### WORK TO BE COMPLETED
Output range, inclusive: from the line containing "BookBook, Andrzej Saramonowicz" to the line containing "חצאית מיני לורקס". Restate those lines from the data below word for word and only those.
━━━━━ EXTRACTED INFORMATION
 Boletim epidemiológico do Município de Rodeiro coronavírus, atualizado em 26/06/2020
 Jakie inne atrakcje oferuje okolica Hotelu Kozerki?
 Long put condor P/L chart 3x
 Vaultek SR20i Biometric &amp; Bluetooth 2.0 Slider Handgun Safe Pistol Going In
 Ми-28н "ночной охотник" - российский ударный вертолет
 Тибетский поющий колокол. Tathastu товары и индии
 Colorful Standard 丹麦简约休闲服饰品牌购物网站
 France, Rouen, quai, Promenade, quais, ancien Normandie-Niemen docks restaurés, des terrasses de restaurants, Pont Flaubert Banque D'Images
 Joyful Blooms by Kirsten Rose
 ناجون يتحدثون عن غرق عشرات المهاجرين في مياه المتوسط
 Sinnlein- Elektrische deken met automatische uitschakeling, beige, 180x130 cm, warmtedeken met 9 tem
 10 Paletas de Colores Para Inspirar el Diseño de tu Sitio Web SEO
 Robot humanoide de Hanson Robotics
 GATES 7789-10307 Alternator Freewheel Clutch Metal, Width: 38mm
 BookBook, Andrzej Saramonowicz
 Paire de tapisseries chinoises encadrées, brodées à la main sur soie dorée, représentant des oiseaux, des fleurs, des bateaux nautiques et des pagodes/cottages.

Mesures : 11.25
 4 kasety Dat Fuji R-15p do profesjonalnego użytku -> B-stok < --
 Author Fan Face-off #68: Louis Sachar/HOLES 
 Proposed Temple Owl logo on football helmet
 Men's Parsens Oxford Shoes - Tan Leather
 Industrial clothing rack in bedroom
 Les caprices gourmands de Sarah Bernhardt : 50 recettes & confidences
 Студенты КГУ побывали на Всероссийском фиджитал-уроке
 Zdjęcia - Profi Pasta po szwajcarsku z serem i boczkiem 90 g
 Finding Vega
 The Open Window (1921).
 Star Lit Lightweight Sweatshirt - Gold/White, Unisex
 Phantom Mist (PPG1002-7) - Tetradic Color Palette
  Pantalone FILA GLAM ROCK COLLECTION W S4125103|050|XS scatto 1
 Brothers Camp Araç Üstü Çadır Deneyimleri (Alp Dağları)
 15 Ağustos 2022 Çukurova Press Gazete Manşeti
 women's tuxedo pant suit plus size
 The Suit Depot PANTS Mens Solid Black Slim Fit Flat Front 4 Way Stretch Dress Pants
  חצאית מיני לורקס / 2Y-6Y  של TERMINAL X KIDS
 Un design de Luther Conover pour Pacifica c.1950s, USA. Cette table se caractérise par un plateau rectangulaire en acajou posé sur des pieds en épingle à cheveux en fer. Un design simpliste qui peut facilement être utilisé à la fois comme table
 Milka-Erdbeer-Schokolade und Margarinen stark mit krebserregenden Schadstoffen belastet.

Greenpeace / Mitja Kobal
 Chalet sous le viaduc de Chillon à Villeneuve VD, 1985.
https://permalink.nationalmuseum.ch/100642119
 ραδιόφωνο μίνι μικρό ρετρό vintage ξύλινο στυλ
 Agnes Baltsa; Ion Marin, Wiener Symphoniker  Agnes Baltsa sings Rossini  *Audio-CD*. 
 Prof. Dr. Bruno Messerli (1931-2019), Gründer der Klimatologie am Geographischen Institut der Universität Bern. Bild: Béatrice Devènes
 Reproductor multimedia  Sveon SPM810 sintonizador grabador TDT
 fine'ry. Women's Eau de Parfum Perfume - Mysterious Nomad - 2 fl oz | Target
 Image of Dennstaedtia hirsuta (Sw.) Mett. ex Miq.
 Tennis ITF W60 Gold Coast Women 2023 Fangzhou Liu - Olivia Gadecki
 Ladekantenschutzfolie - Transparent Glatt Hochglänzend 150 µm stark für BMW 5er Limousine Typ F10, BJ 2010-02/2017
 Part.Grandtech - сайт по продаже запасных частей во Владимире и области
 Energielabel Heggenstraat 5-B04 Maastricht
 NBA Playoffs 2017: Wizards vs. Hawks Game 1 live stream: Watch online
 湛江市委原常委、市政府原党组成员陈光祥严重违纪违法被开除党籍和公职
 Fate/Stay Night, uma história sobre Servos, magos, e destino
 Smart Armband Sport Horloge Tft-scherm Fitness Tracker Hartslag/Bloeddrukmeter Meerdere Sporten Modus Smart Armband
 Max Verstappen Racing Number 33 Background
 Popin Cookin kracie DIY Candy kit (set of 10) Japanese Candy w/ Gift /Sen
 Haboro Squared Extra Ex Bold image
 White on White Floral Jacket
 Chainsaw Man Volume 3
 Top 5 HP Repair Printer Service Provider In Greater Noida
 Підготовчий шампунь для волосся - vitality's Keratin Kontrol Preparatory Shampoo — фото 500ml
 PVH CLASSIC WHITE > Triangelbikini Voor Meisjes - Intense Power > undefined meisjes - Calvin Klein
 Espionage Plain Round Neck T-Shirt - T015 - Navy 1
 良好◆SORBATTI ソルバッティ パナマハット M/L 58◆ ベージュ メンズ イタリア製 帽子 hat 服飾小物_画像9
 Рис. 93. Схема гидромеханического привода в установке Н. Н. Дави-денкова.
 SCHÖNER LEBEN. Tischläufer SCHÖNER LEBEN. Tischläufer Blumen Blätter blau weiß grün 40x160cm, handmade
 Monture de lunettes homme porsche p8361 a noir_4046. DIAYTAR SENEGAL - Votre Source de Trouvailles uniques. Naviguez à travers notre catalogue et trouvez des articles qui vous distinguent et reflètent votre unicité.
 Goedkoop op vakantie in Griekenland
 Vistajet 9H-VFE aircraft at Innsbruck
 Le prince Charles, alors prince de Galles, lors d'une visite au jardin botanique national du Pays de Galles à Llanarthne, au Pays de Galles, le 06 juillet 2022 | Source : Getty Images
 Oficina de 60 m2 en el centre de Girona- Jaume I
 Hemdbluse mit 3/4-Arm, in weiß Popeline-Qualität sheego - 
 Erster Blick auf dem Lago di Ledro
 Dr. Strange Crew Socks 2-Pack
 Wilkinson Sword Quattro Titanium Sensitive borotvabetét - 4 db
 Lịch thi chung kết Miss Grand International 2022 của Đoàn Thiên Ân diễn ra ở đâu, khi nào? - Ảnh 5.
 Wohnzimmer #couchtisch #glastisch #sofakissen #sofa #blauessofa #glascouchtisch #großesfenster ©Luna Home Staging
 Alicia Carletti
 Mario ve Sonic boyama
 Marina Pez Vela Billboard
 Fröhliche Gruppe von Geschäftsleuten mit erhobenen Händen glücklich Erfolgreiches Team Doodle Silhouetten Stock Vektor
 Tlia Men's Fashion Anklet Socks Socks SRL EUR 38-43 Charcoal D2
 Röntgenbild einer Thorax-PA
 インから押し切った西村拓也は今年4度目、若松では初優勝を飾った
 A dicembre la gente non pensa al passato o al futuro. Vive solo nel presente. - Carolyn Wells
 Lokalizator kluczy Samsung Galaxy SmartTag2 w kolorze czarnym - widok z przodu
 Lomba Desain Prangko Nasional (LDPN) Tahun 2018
━━━━━━━━━━
### RESULT FOR THIS TASK
 BookBook, Andrzej Saramonowicz
 Paire de tapisseries chinoises encadrées, brodées à la main sur soie dorée, représentant des oiseaux, des fleurs, des bateaux nautiques et des pagodes/cottages.

Mesures : 11.25
 4 kasety Dat Fuji R-15p do profesjonalnego użytku -> B-stok < --
 Author Fan Face-off #68: Louis Sachar/HOLES 
 Proposed Temple Owl logo on football helmet
 Men's Parsens Oxford Shoes - Tan Leather
 Industrial clothing rack in bedroom
 Les caprices gourmands de Sarah Bernhardt : 50 recettes & confidences
 Студенты КГУ побывали на Всероссийском фиджитал-уроке
 Zdjęcia - Profi Pasta po szwajcarsku z serem i boczkiem 90 g
 Finding Vega
 The Open Window (1921).
 Star Lit Lightweight Sweatshirt - Gold/White, Unisex
 Phantom Mist (PPG1002-7) - Tetradic Color Palette
  Pantalone FILA GLAM ROCK COLLECTION W S4125103|050|XS scatto 1
 Brothers Camp Araç Üstü Çadır Deneyimleri (Alp Dağları)
 15 Ağustos 2022 Çukurova Press Gazete Manşeti
 women's tuxedo pant suit plus size
 The Suit Depot PANTS Mens Solid Black Slim Fit Flat Front 4 Way Stretch Dress Pants
  חצאית מיני לורקס / 2Y-6Y  של TERMINAL X KIDS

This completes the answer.